An experiment by Wong and Levi (2005) is closely related to our Experiment 1, but there are several differences in the results (and methodologies) across the two studies. We think that our use of narrow-band noise gave us the cleaner measure of the processes being investigated, but some of the differences across the two studies remain puzzling. We shall consider these differences in the General Discussion. However, one puzzle that we shall address here is the question of why our CM summation curve is so much shallower than our LM summation curve. Assuming that area summation of CM signals is determined by linear spatial summation across noisy local CM mechanisms, there are at least three possibilities: (a) spatial summation is less extensive for CM than for LM, (b) the overall transducer exponent (p) for the local CM mechanism (before area summation) is much greater than for LM (i.e., p ≫ 2; c.f. figure B3 in Meese & Summers, 2012), or (c) CM sensitivity is attenuated more heavily with eccentricity than is LM sensitivity. We shall present arguments against the first two possibilities later. The third possibility is more promising. For example, Hess, Baker, May, and Wang (2008) demonstrated that for low-modulation frequencies (∼1 c/° and below), the decline in CM sensitivity with eccentricity follows that predicted by the spatial-frequency of the carrier. As the deleterious eccentricity effects for LM signals are scale invariant (e.g., Baldwin et al., 2012), and as the center spatial-frequency of our band-limited noise carrier was 8 c/°, 6.4 times higher than our 1.25 c/° signals, we might expect signal sensitivity to decline with eccentricity much more rapidly for CM than for LM, consistent with our results (Figure 3).
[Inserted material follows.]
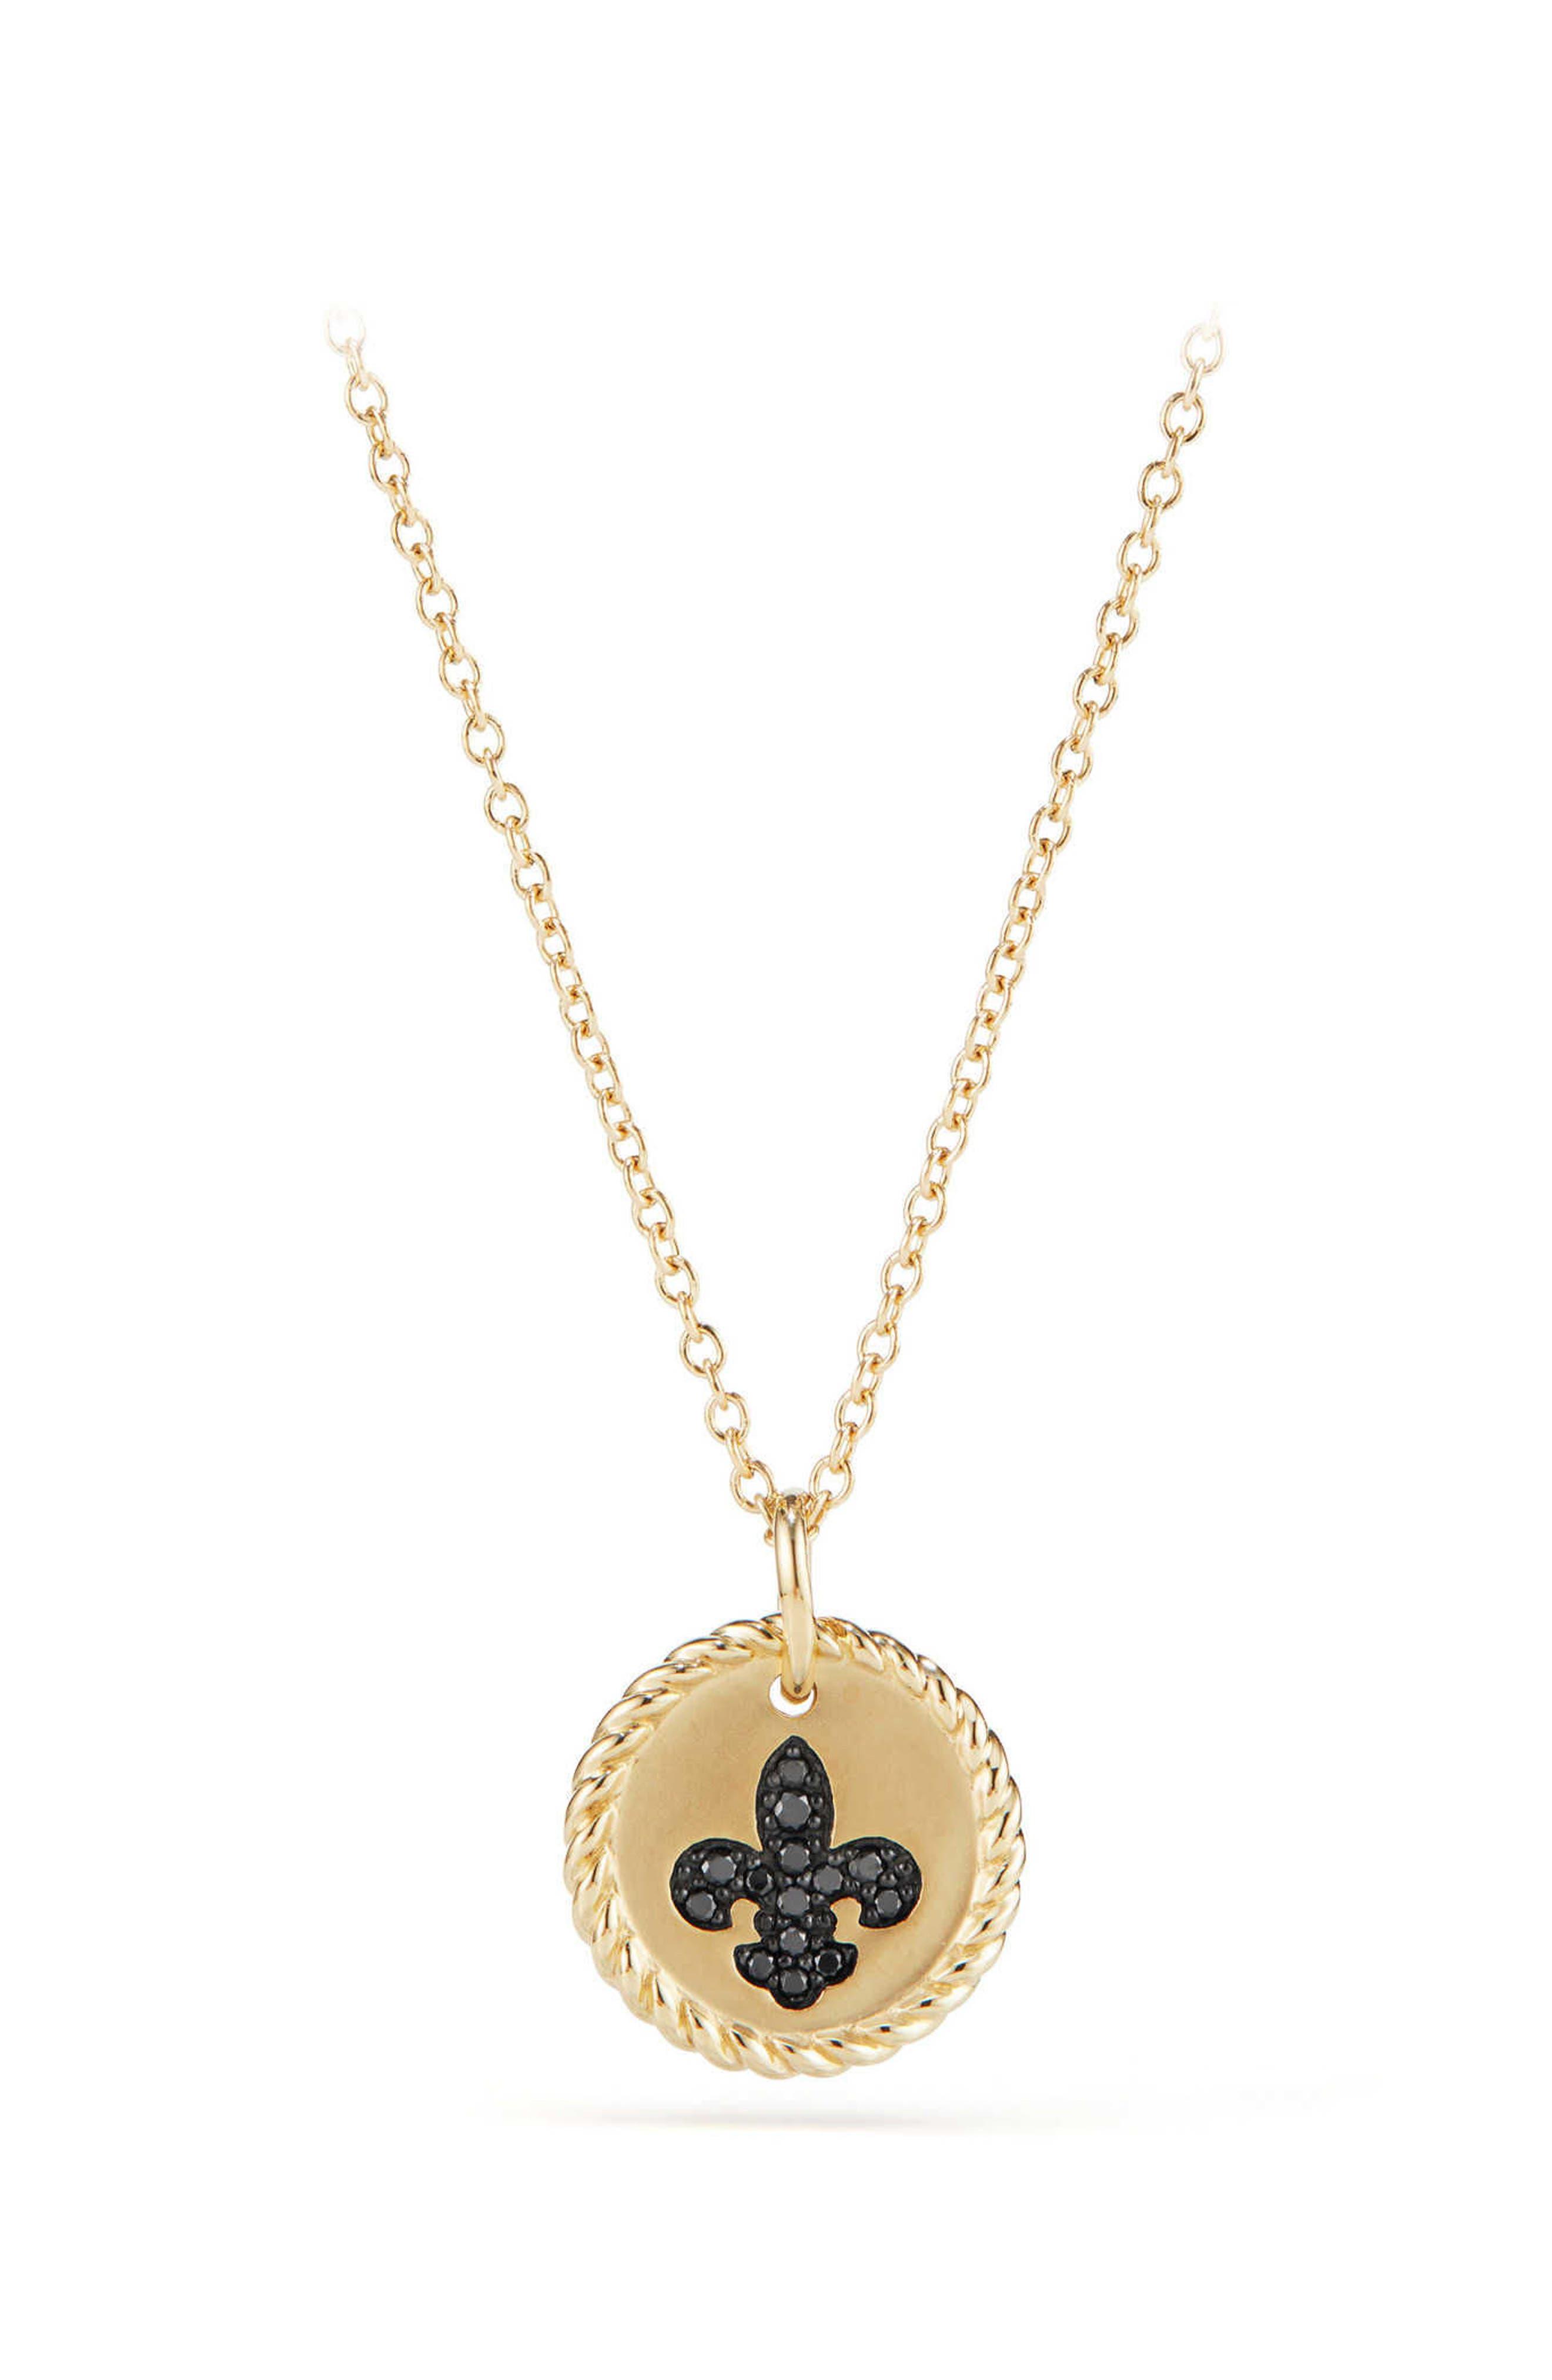 Cable Collectibles Fleur de Lis Necklace with Black Diamonds in 18K Gold,                             Main thumbnail 1, color,                             Gold/ Black Diamond

Notwithstanding our remark above regarding the choice of noise carrier, the considerations here reveal a profound difficulty in deriving a true measure of spatial summation of second-order signals using conventional methods. 
We addressed the problem above by extending Experiment 1 to use the method of Meese and Summers (2007), where contrast sensitivity is compared for stimuli with a fixed diameter—thereby stimulating the same retinal extent—but a variable signal area. The half-filled symbols in Figure 3 show detection thresholds for check windowed stimuli (for LM and for CM; see Figure 1C and D) with diameters of eight and 16 cycles. 
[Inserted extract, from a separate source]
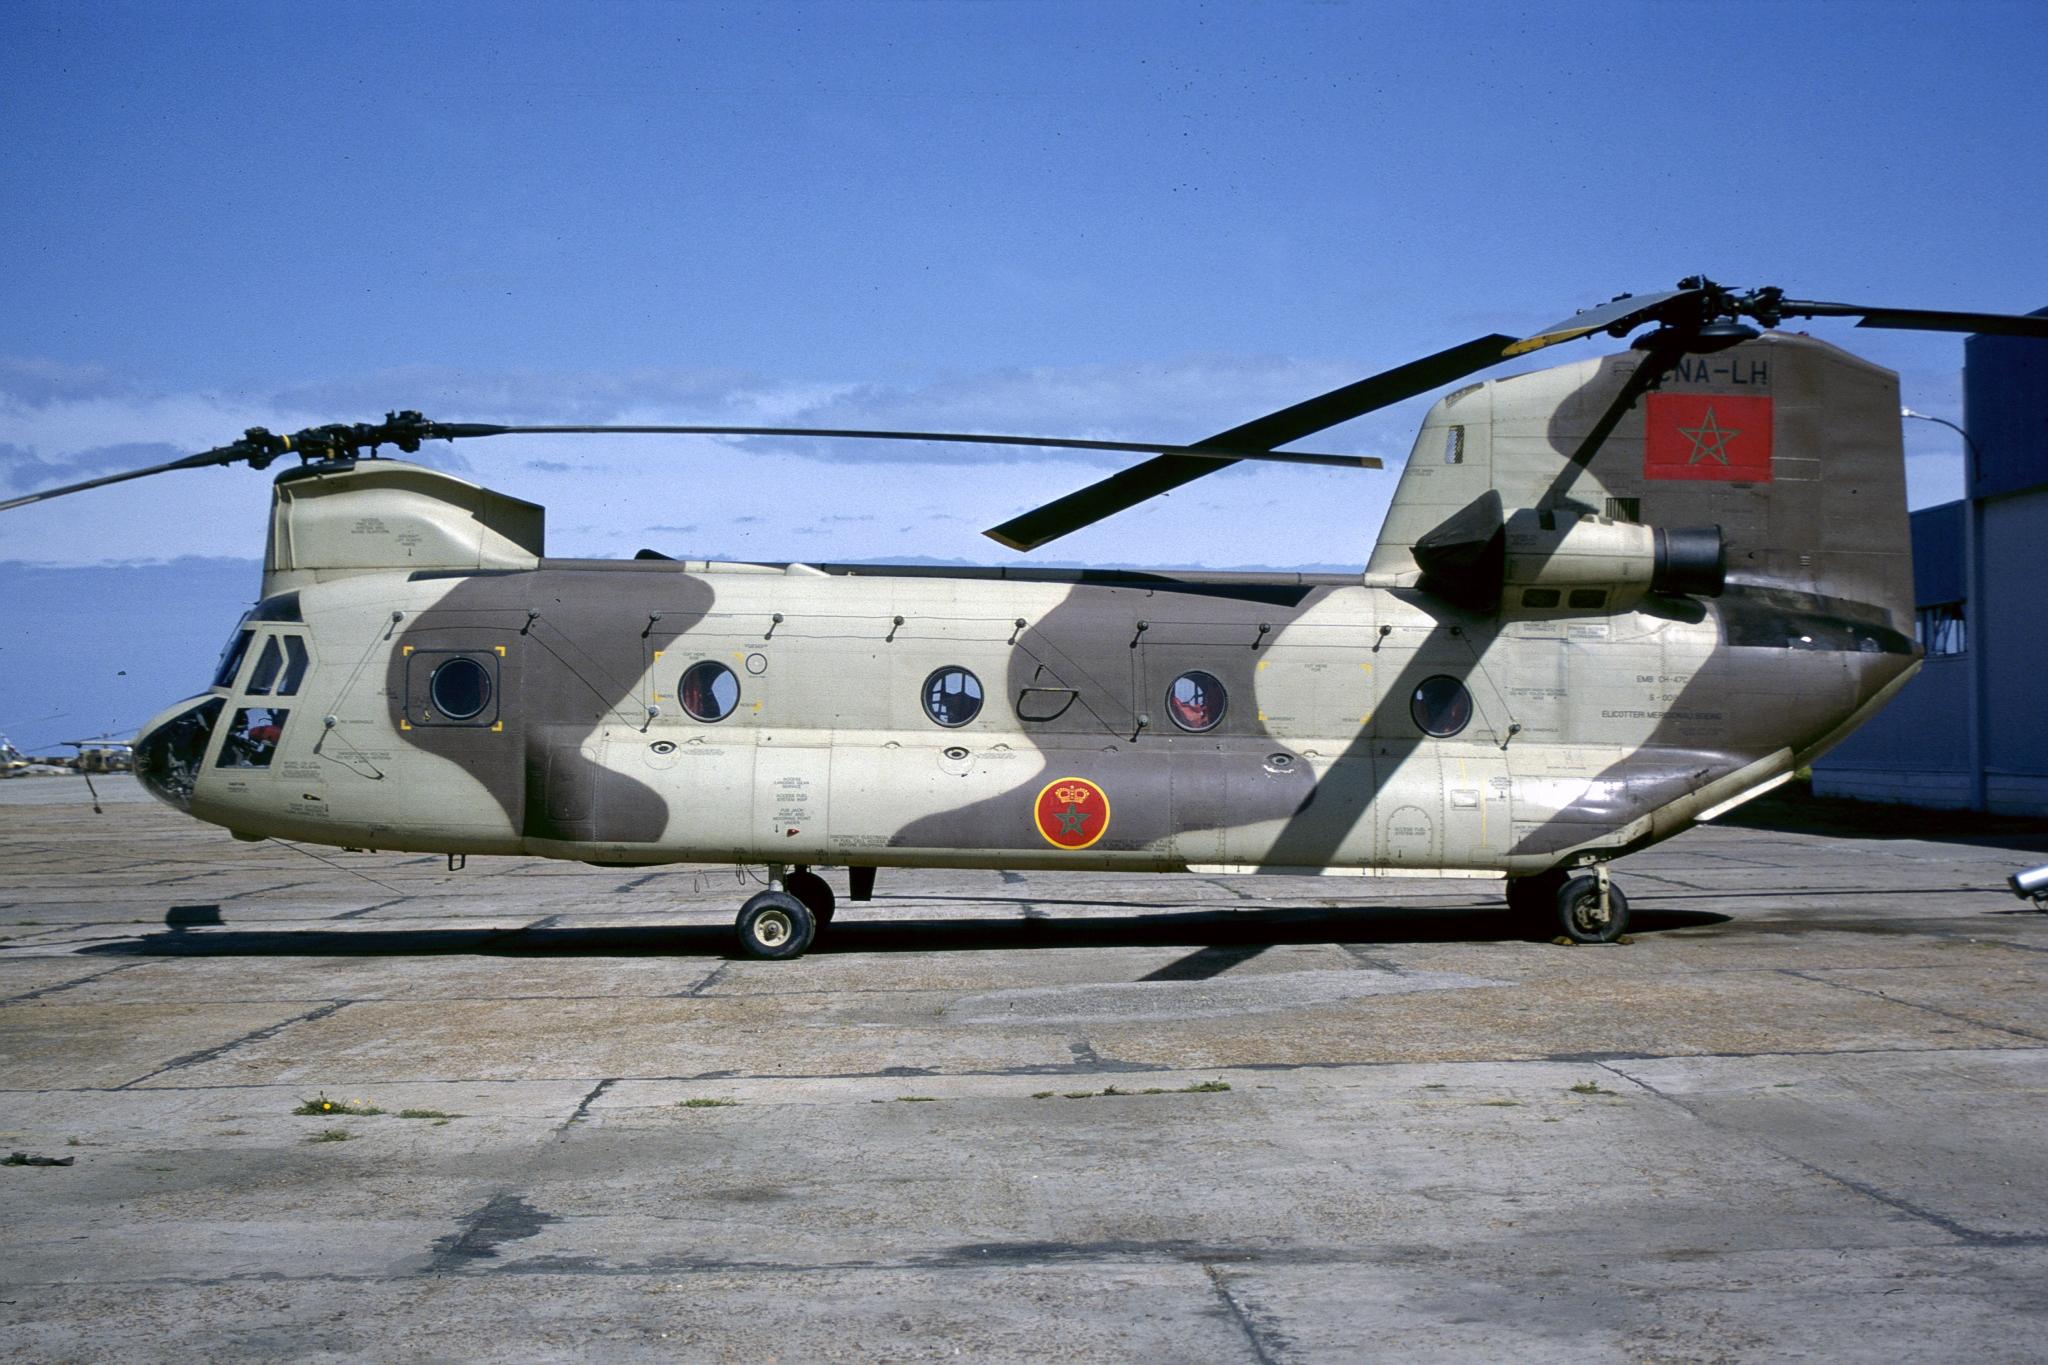 القوات الجوية الملكية المغربية - متجدد - - صفحة 2 160102035606679347

For both LM and CM stimuli, filling in the gaps of the checks to produce full (uniform) modulation—thereby doubling the signal area—improved sensitivity by an average of about 4.7 dB (a factor of 1.7; compare filled and half-filled symbols in Figure 3). Clearly there was substantial area summation for both CM and LM stimuli (over at least two envelope checks, equivalent to five stimulus cycles) despite the relatively small improvement in sensitivity when area was increased in the conventional way (by increasing stimulus diameter). The “cheese effect” here is similar in magnitude to the ∼5 dB benefit that has been found for luminance gratings with comparable windowing (Meese & Summers, 2007; Baker & Meese, 2011). 
Experiment 2: Investigating the combination of LM and CM over space
Experiment 1 provided good evidence for extensive area summation of signal for both LM and CM signals (well beyond that of a stereotypical V1-type local receptive field). However, it remained unclear whether there is a single summing device for both signal types, or parallel pathways for area summation across LM and CM. Previous studies (Schofield & Georgeson, 1999) have reported results consistent with energy summation between superimposed LM and CM gratings of the same orientation, but did not establish whether this was taking place only within local mechanisms or whether a more global signal integrator might be involved. Here we addressed this issue with the help of the check windowed stimulus design: by placing patches of CM and LM signals on either the same or different parts of the retina, it becomes possible to determine whether the area summation device receives input from both types of signal. This follows the approach of Meese and Summers (2009), who used the technique to investigate contrast (LM) summation across area and eyes. 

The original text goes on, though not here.